Я звоню Джейсу, пока темные улицы Лондона проносятся за моим окном. Он отвечает после нескольких гудков, запыхавшись.
— Да.
— Отзови своих людей от Иден Харрис.
Многозначительная пауза, несколько вдохов и выдохов.
— Почему?
Я вешаю трубку.
Бывает так, что я побуждаю Джейса задавать вопросы, но не в этот раз.
Глава 7
Сейнт
— Простите меня, Отец, ибо я согрешил, — выдыхаю я, крестясь. — Во имя Отца и Сына, и Святого Духа, прошла неделя с моей последней исповеди.
— Поведай мне свою исповедь, дитя, — скрипучий голос доносится из темноты.
Я колеблюсь, не в силах подобрать подходящие слова.

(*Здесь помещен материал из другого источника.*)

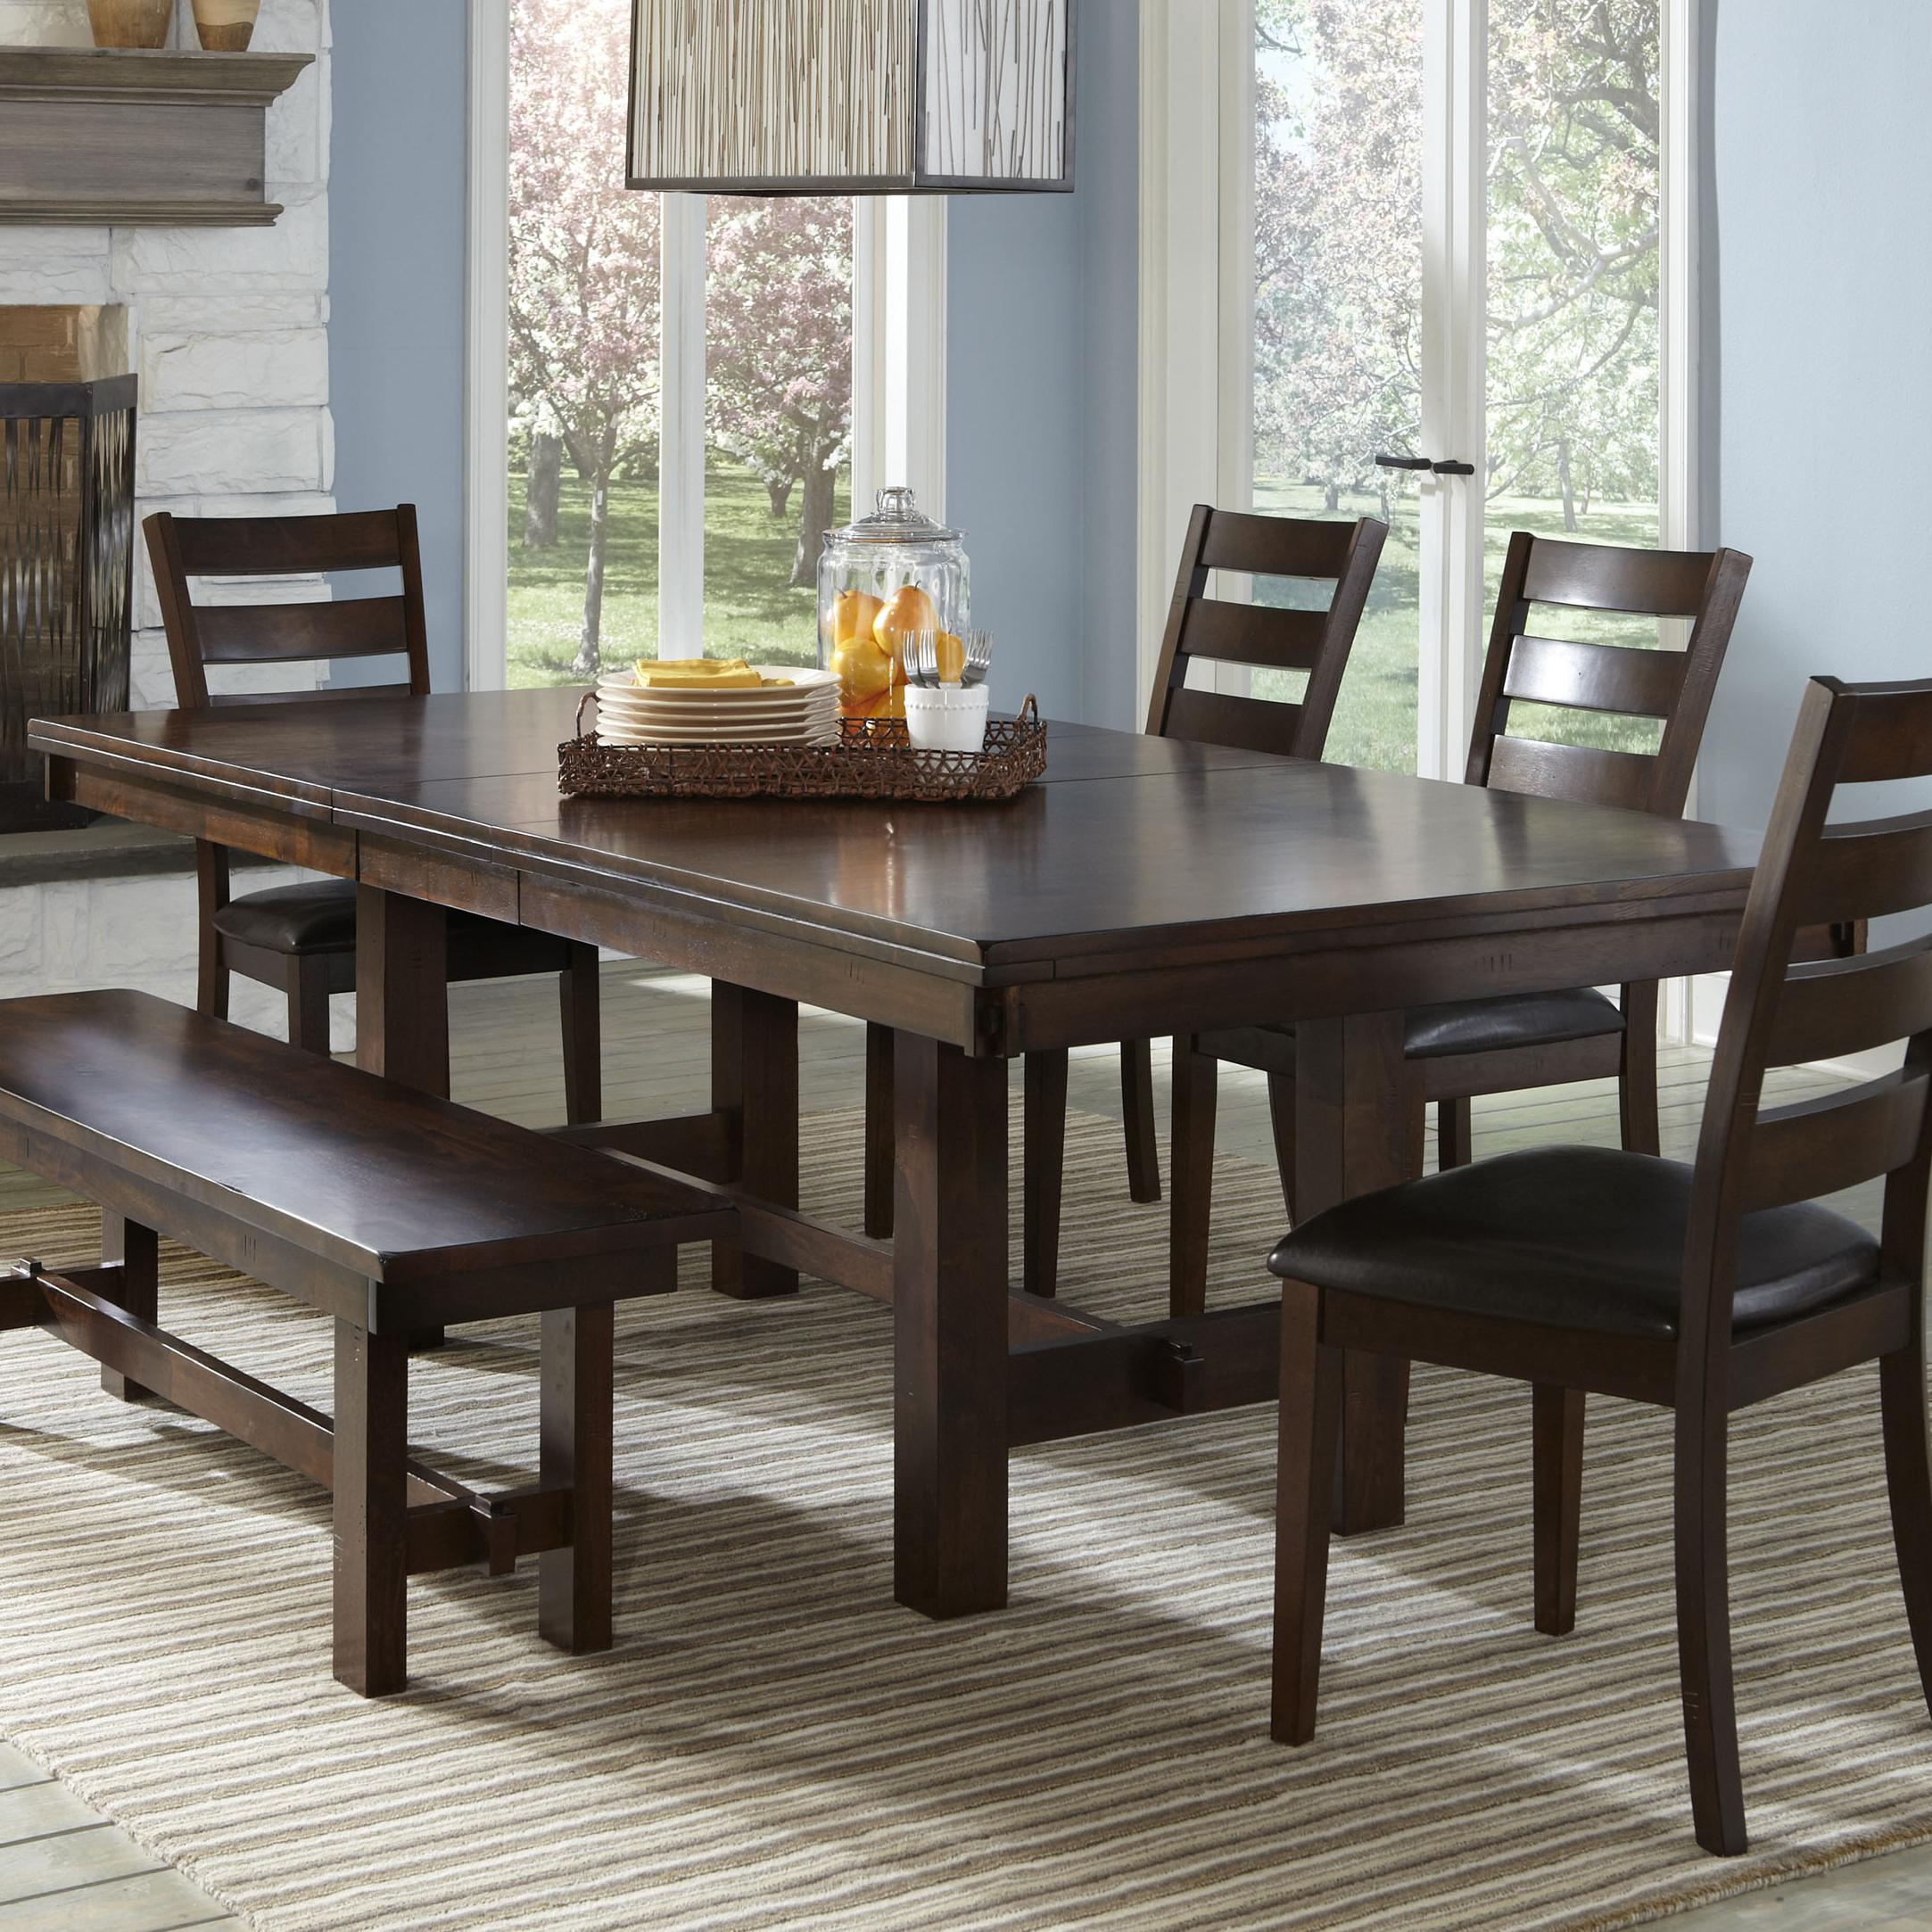 Intercon Kona Trestle Dining Table - Item Number: KA-TA-4492-RAI
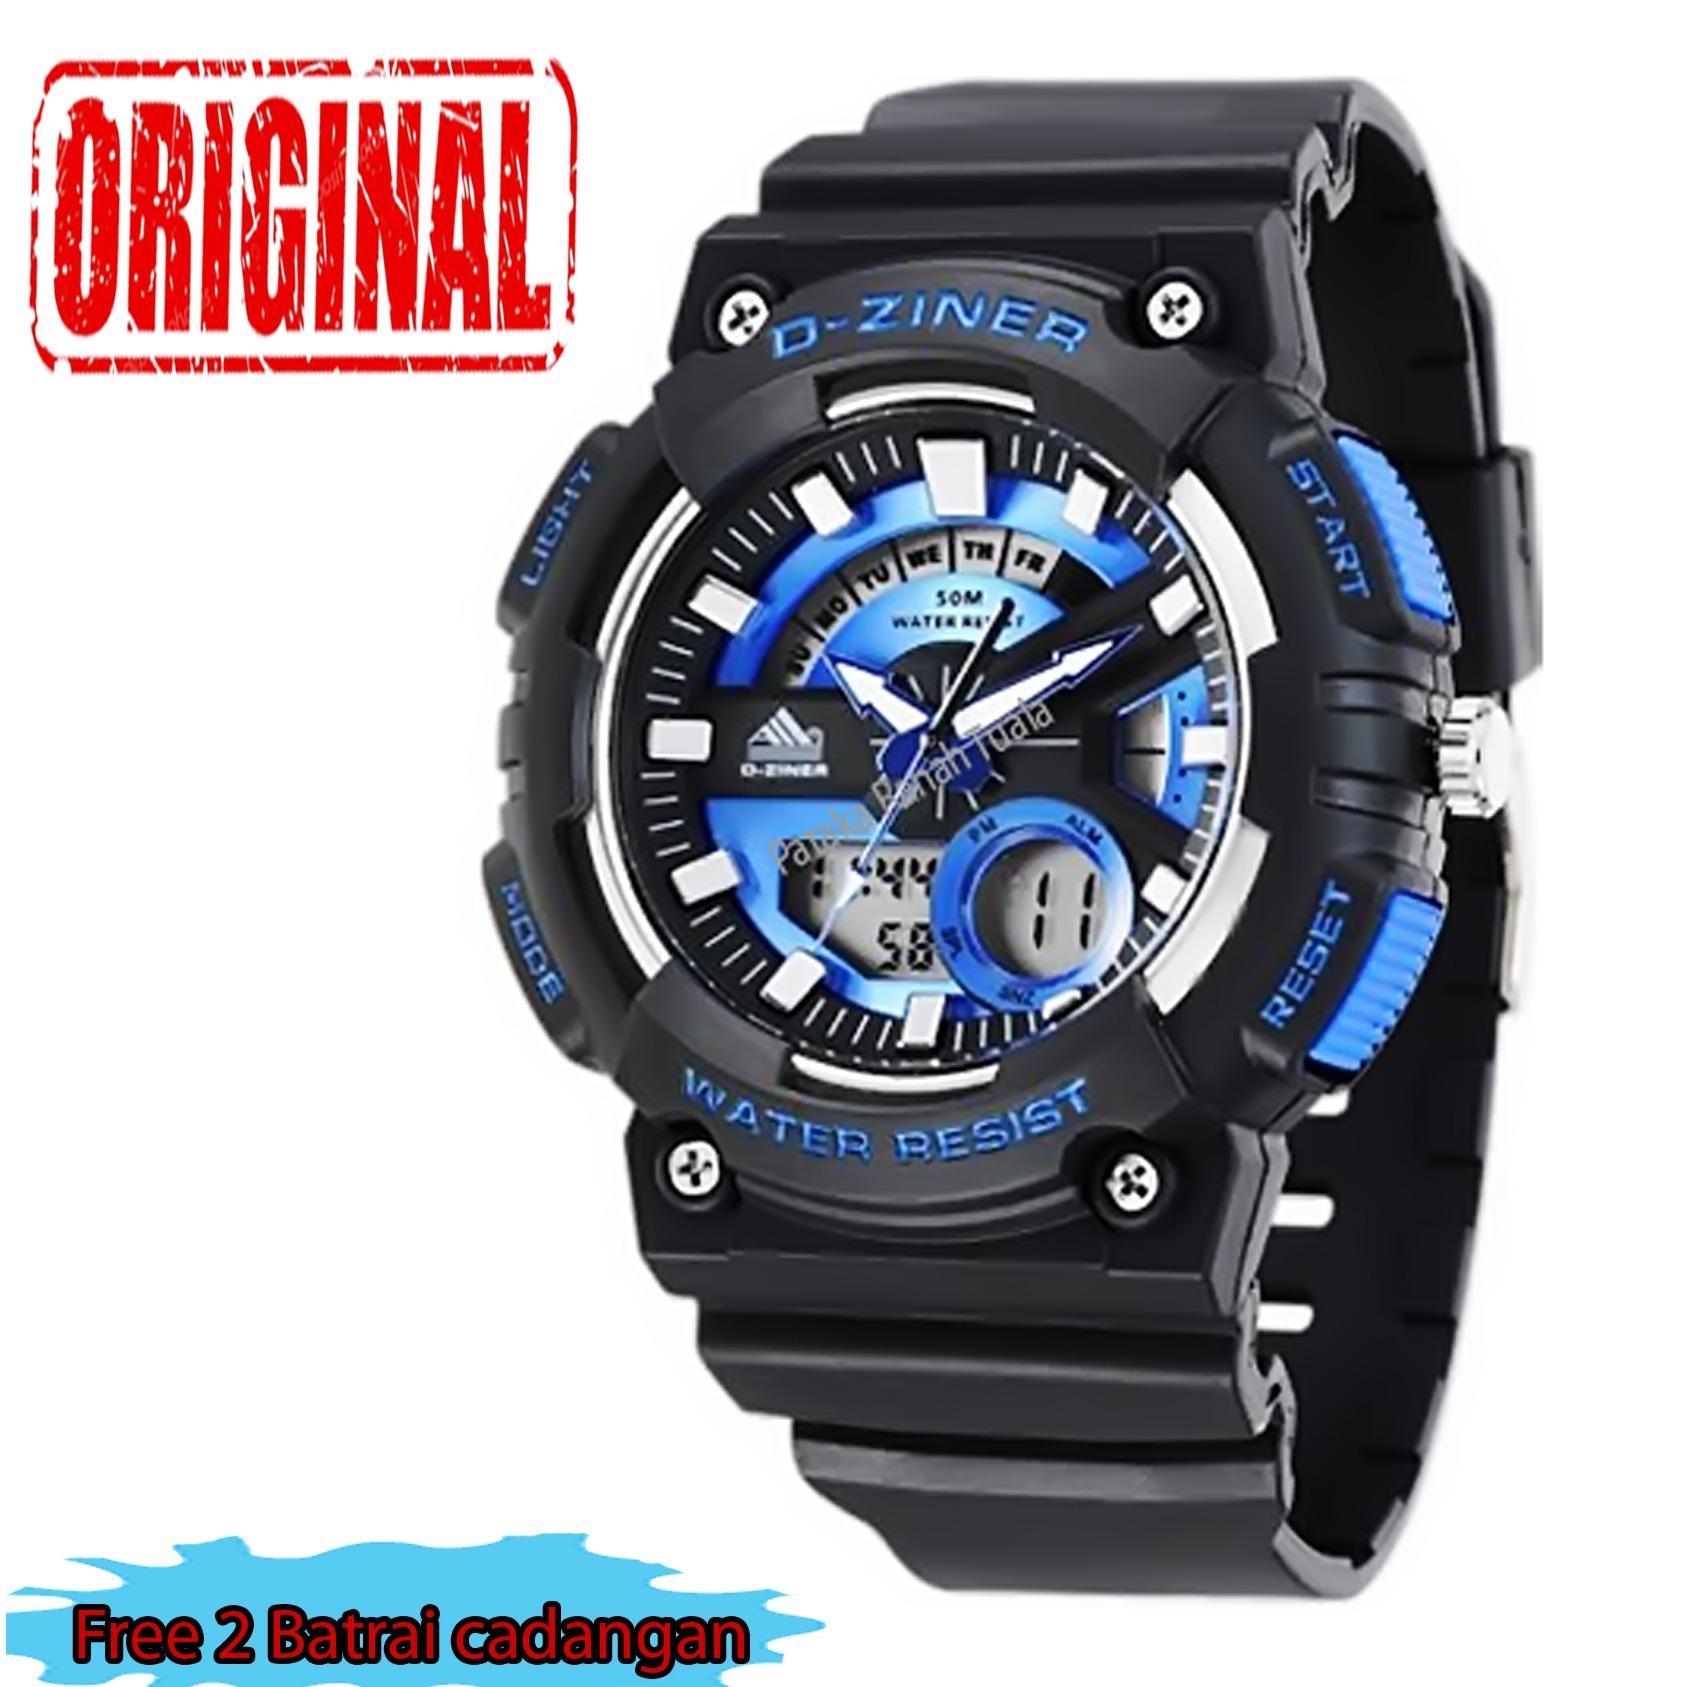 Cek Harga Baru Casio Dual Time Watch Jam Tangan Pria Hitam Strap ... 71349d91f8

— Я отстранился от ангела.
Несколько минут тишины.
— Каким образом?
— Она просила меня о помощи, а я ей отказал. Теперь она посещает меня во сне и наблюдает за тем, как я горю.
— Почему ты отказал ей в помощи?
— Чтобы спасти ее, — шепчу я. И это правда. Я позволил Иден уйти, потому что мне что-то помешало заставить Джейса избавиться от нее. Значит, я действительно спас ее, не так ли?
— Прочти три раза Богородицу…
— Это… это что-то значит? Нечто большее? Это послание?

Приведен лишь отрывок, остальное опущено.